CPU/MB: E6300 c2d + intel 975xbx2 mb
MEM: 4x1GB A-Data DDR2 800 ADQVE1A16K w/heat spreaders
GFX: EVGA 7600GT 256MB
PS: Rosewill RP500-2 ATX12V v2.01 500W Power Supply
COOLING: ZALMAN CNPS9500 AT 2 Ball CPU Cooling Fan/Heatsink
CASE: ANTEC PS180
HD: 2 Sata Seagate Barracuda 7200 320GB
DVD: ASUS Sata burner

I know this is a far from cutting edge system, but I would like to squeeze the most performance out of it as possible until I can get a faster cpu in the future.

When I had only 2 GB of ram I oc'ed my cpu to 2.33 ghz (333fsb up from 266 stock) and turned my ram down from 800 to 667 which I had read would give me 1:1 ratio. It worked fine with out problem. Just recently I added another 2Gigs of the exact same ram and the pc would not even POST. I had to pull out the sticks just to get into the bios. When I put all the bios settings back on auto, It would boot fine, but I don't want to run at the stock 1.8Ghz. 

The fastest I could go with all four sticks was 2.33 Ghz but the ram freq had to get turned down to 533 instead of the 667 I was using before I added the 2 sticks. Otherwise it would not POST.

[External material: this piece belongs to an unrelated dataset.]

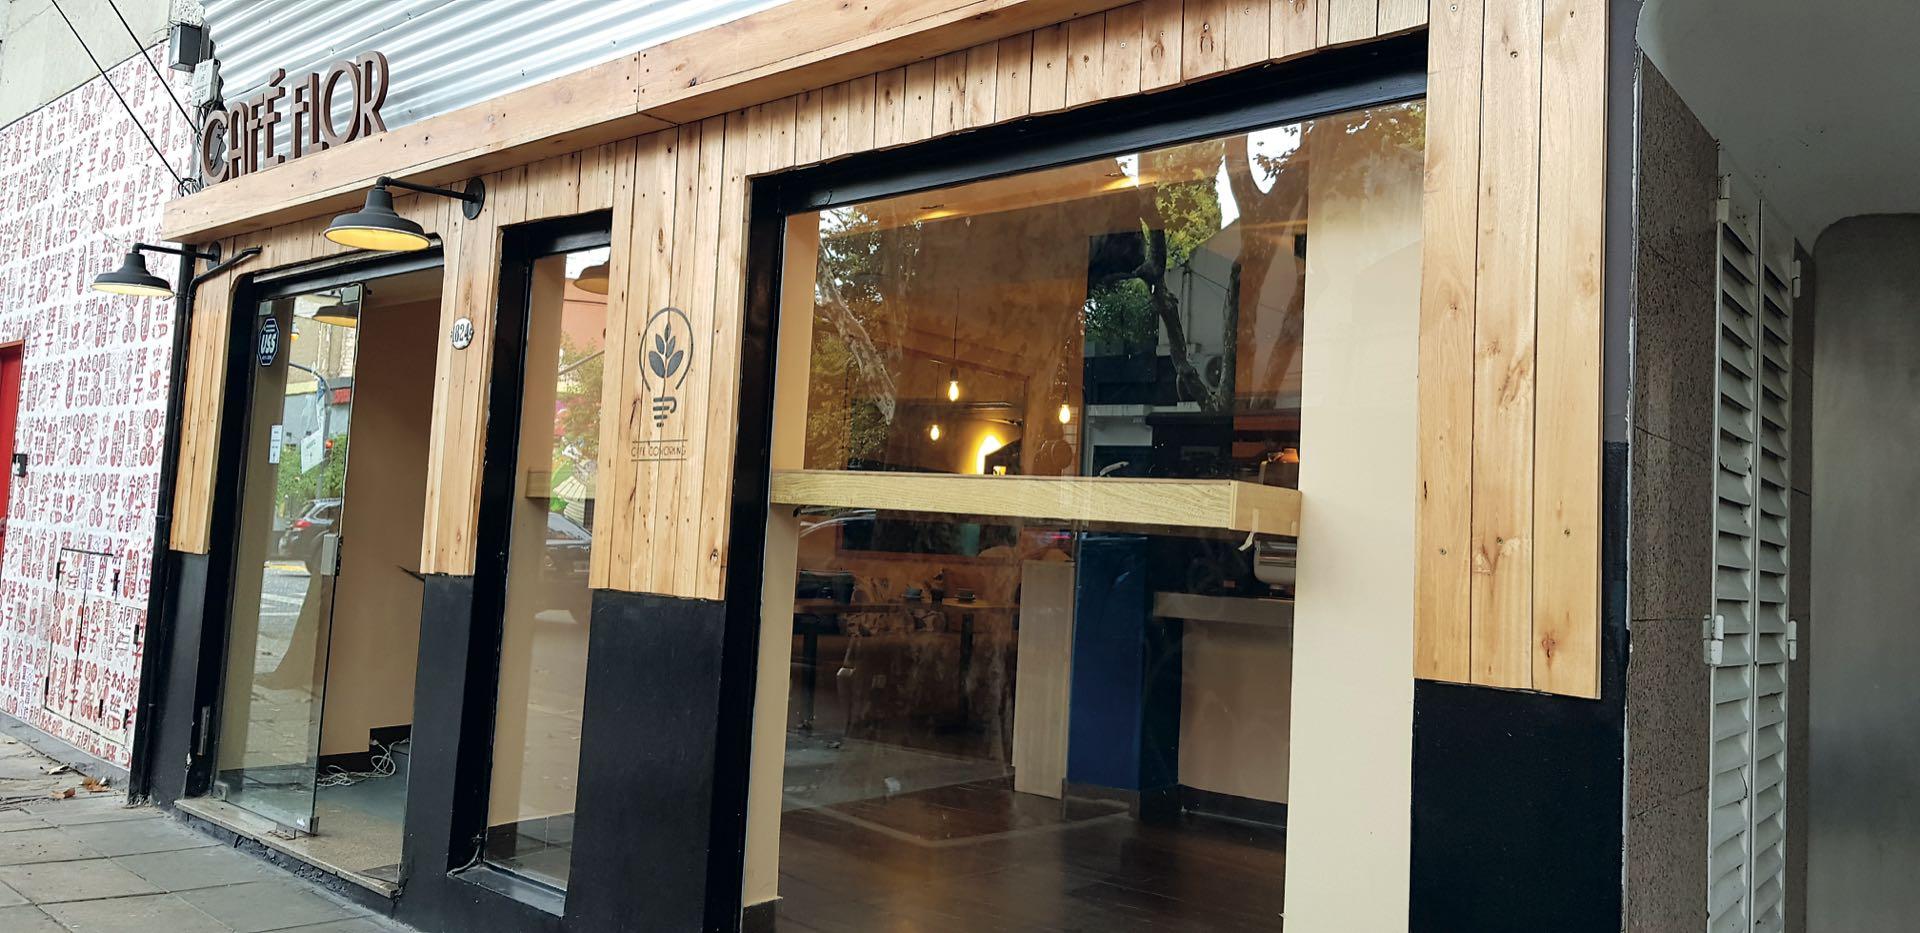 CAFÉ FLOR xBuen café y servicios que pagás por hora. 1 hora, $ 100; 3 horas $ 250; 1 día, $ 450.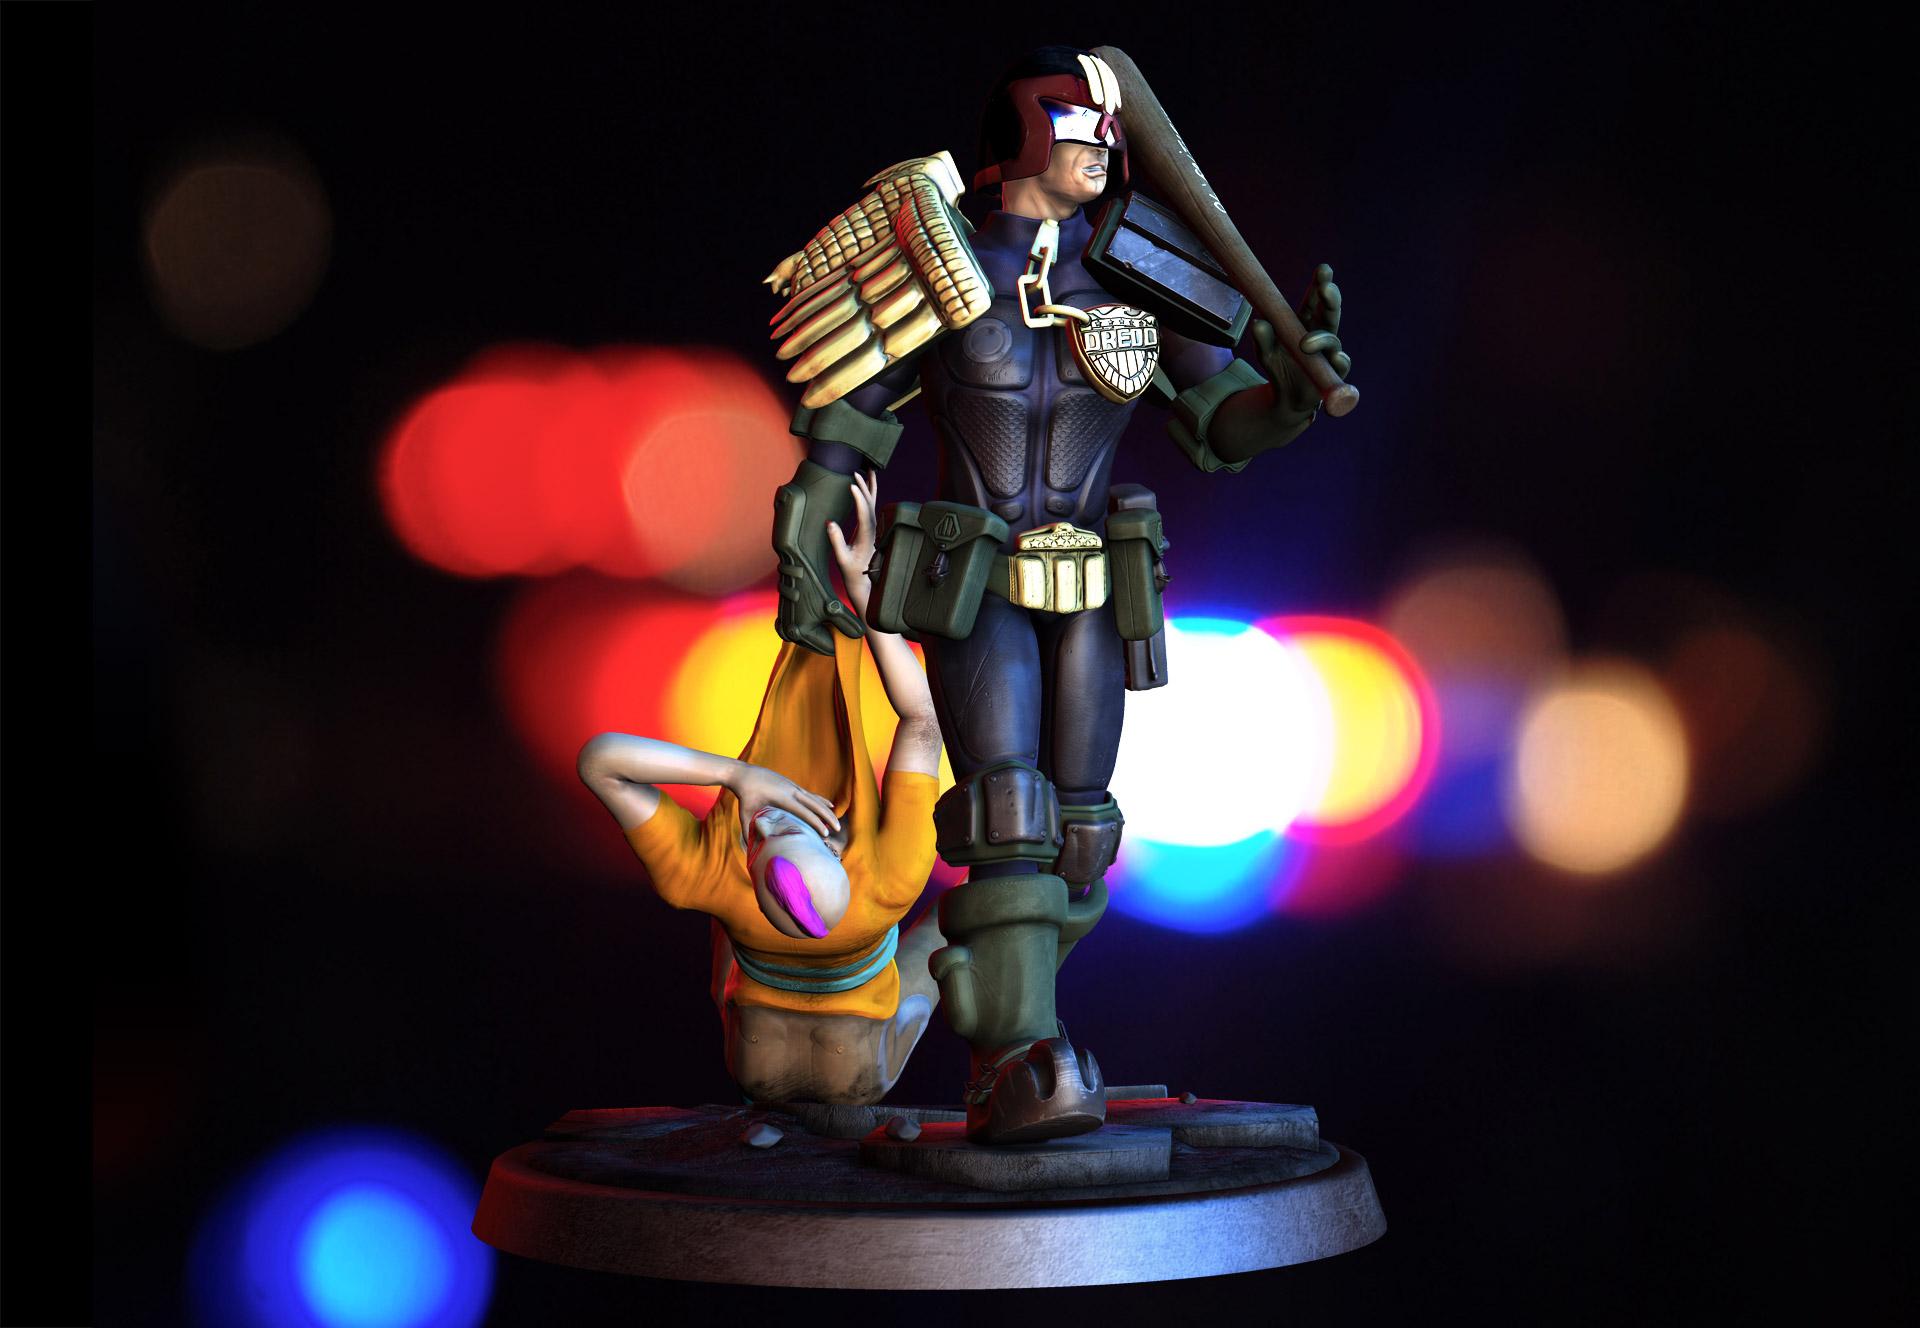 judge_dredd_mudbox_character_sculpt_1.jpg

I have heard of others getting 2.8Ghz (400 Fsb) easily out of the E6300 without even having to add any voltage (which I have never attempted). I have also read on newegg about others who bought this ram were able to oc this ram. so why can I not even run it at 667mhz? Do I need to adjust the ram timings or something? It is 5-5-5-18 stock. Any advice is appreciated.


----------



## linderman (May 20, 2005)

here comes the dark cloud over your otherwise beautiful day


your ram sticks would fit into the economy class of things; they are only rated to be run at 1.8 volts 

in order to run efficiently with four sticks; most all systems have to bump up the ram voltage in the bios (vdimm) to 2.0 or 2.1 volts

also you are playing russian roulette to do *ANY* overclocking with a Rosewill power supply.

in order to overclock in a stable manner you would need to get some better ram and a better class of power supply

your best bet is to run at stock settings for everything and count your blessings !


----------



## bigcletus (Aug 12, 2006)

looks like I'll be selling this junk then...

what brand of ram and power supply do you recommend for moderate oc'ing?


----------



## linderman (May 20, 2005)

Thermaltake Toughpower 750 watt

Corsair TX-750 watt



right now at mwave.com / click on refurbished / then power supplies


there are some thermaltake toughpower 700 watt untis for $76.00 dont drag your feet!!! they sell faster than kisses from a prom queen

as for ram sticks 

http://www.newegg.com/Product/Product.aspx?Item=N82E16820145034


----------